■ Data excerpts:

****************************************

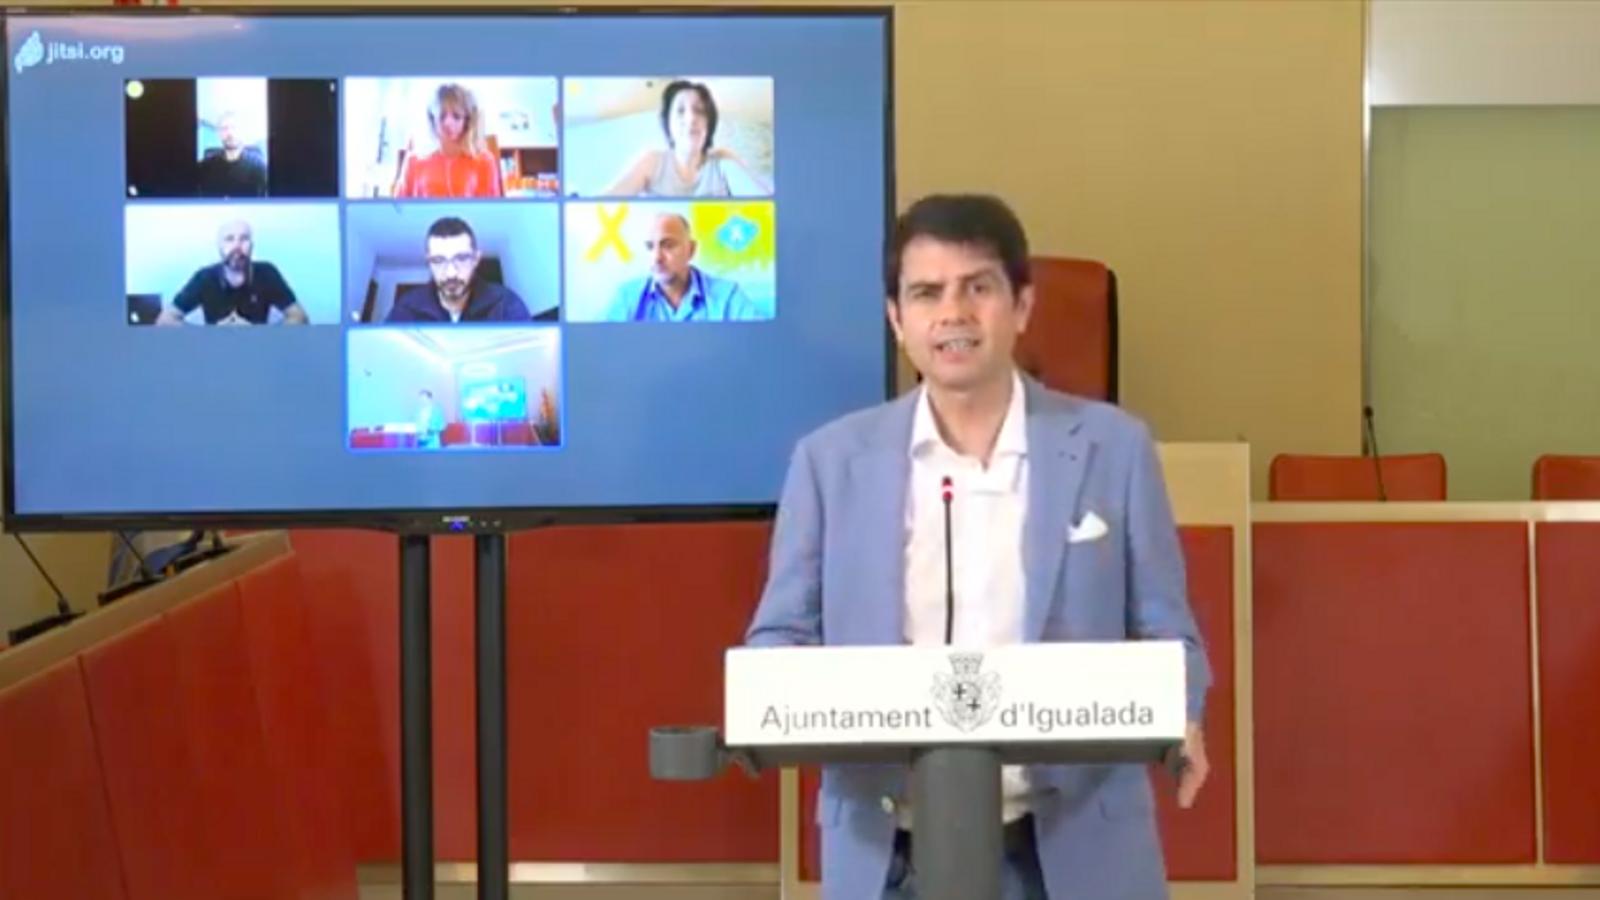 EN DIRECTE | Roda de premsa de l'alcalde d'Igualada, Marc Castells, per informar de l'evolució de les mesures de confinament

****************************************

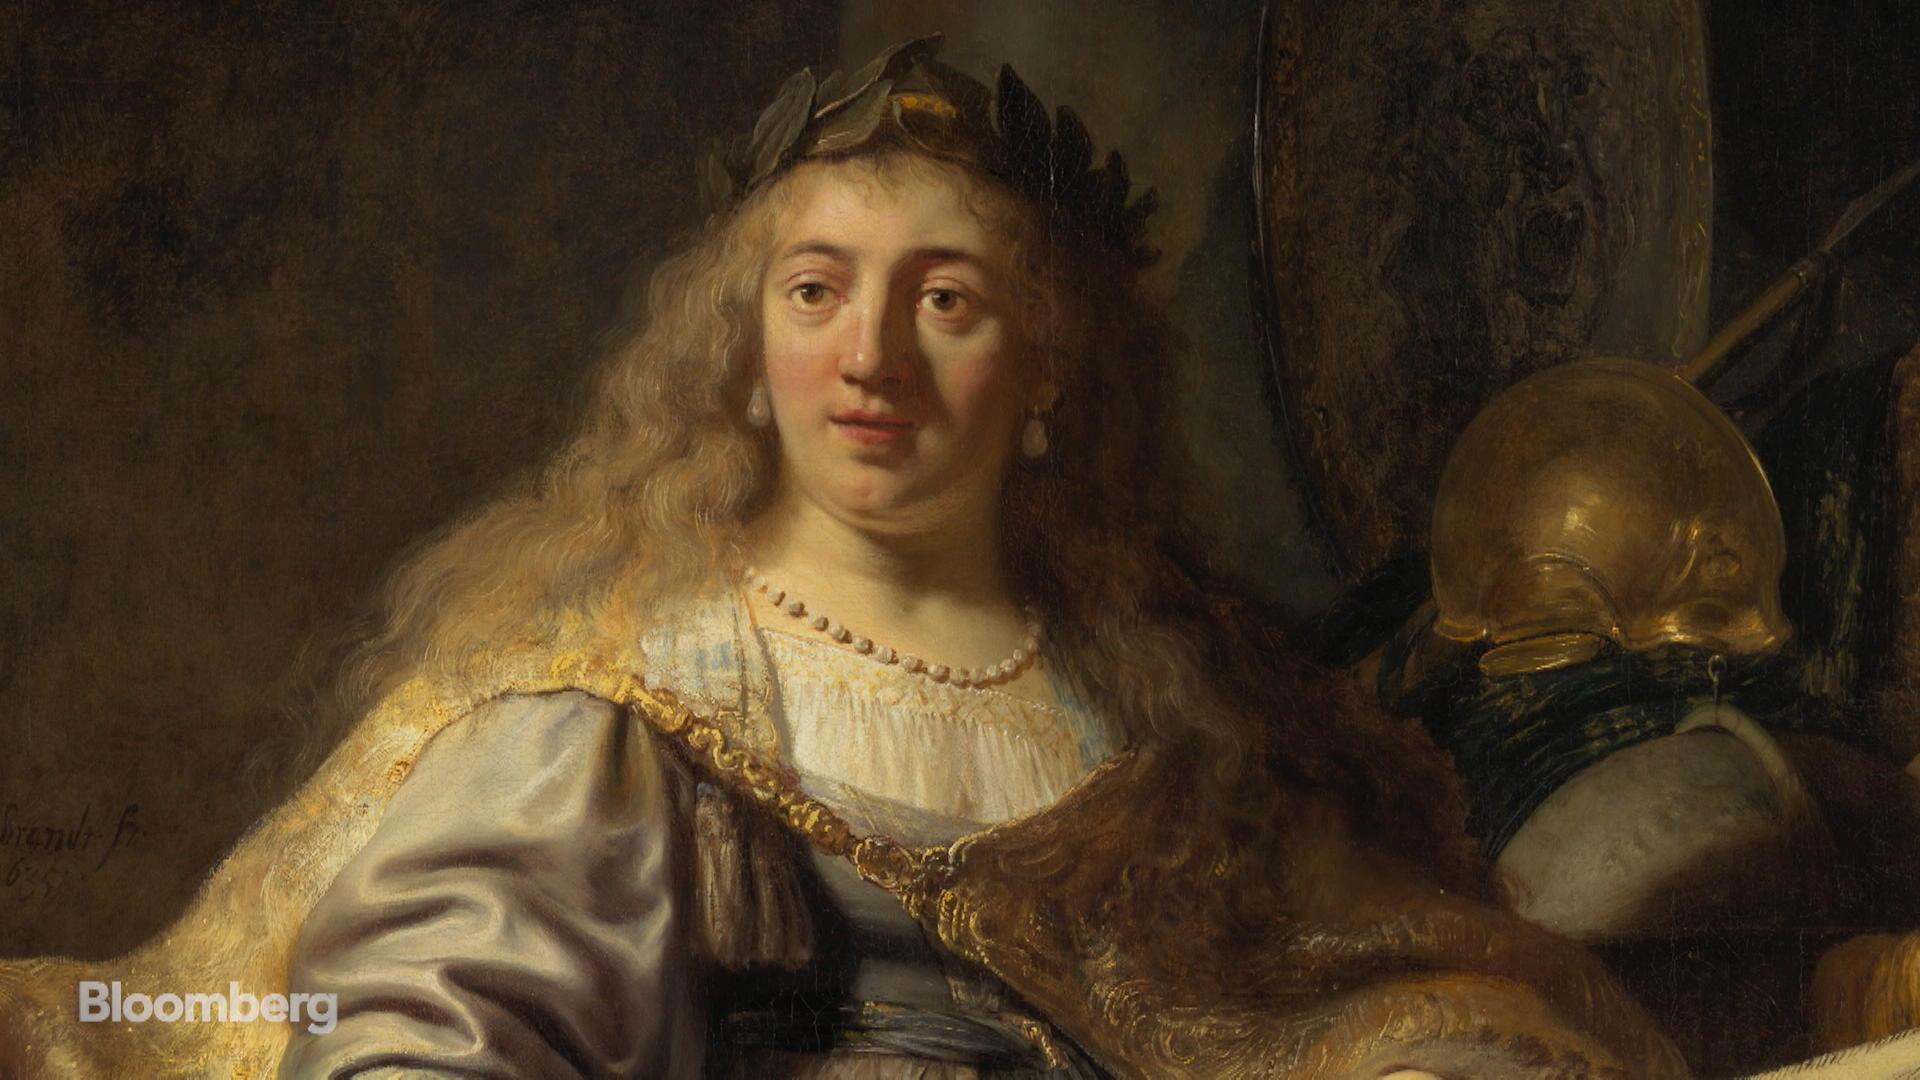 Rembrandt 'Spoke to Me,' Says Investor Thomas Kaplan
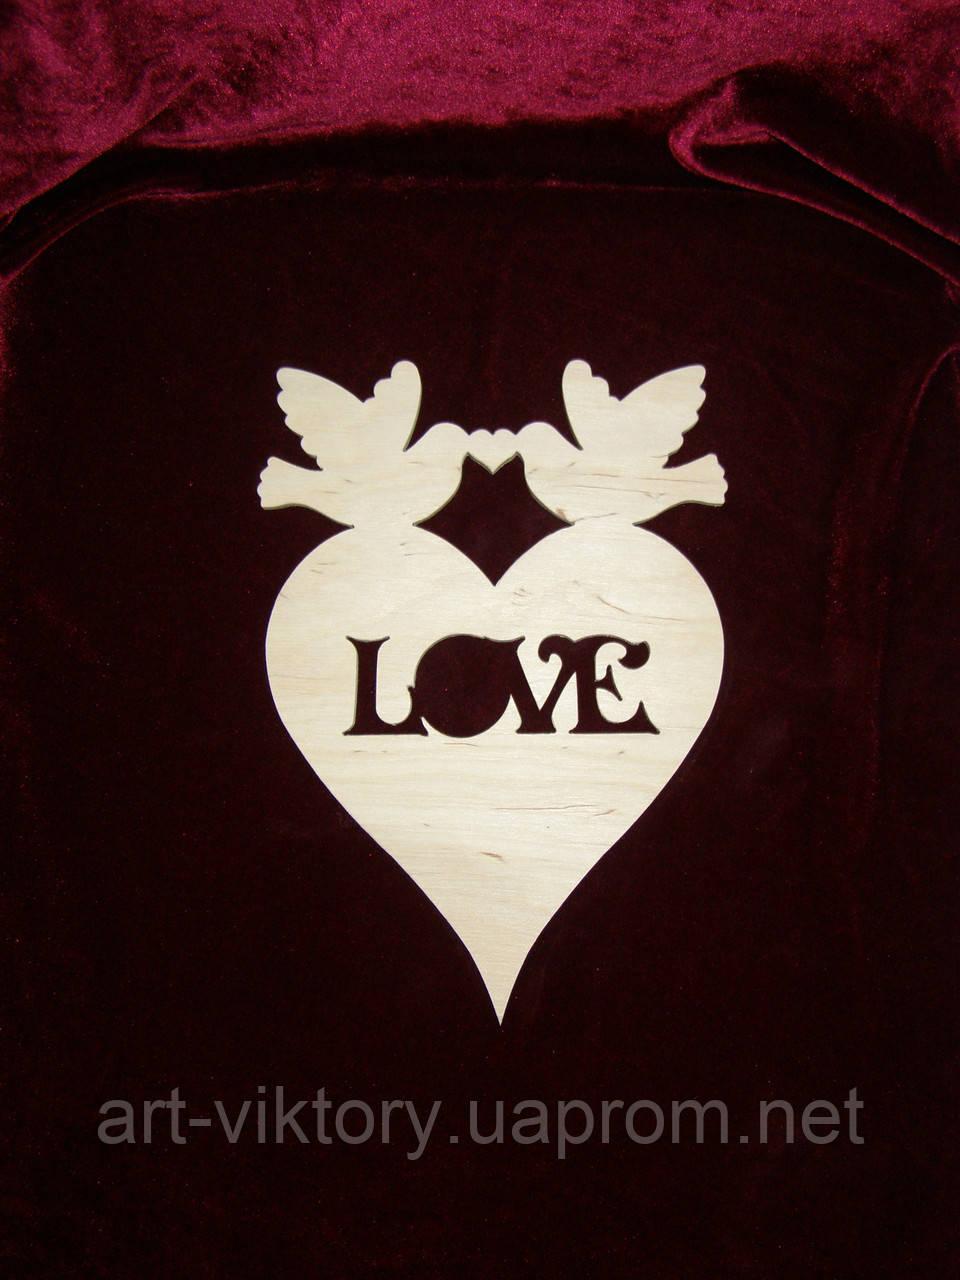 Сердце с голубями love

****************************************

■ Task requirements:
What's needed is an exact copy of the lines above from the one with "Rembrandt 'Spoke to" through the one with "Сердце с голубями love", both included; the pictures stay out.

■ Exercise output:
 Rembrandt 'Spoke to Me,' Says Investor Thomas Kaplan
 Сердце с голубями love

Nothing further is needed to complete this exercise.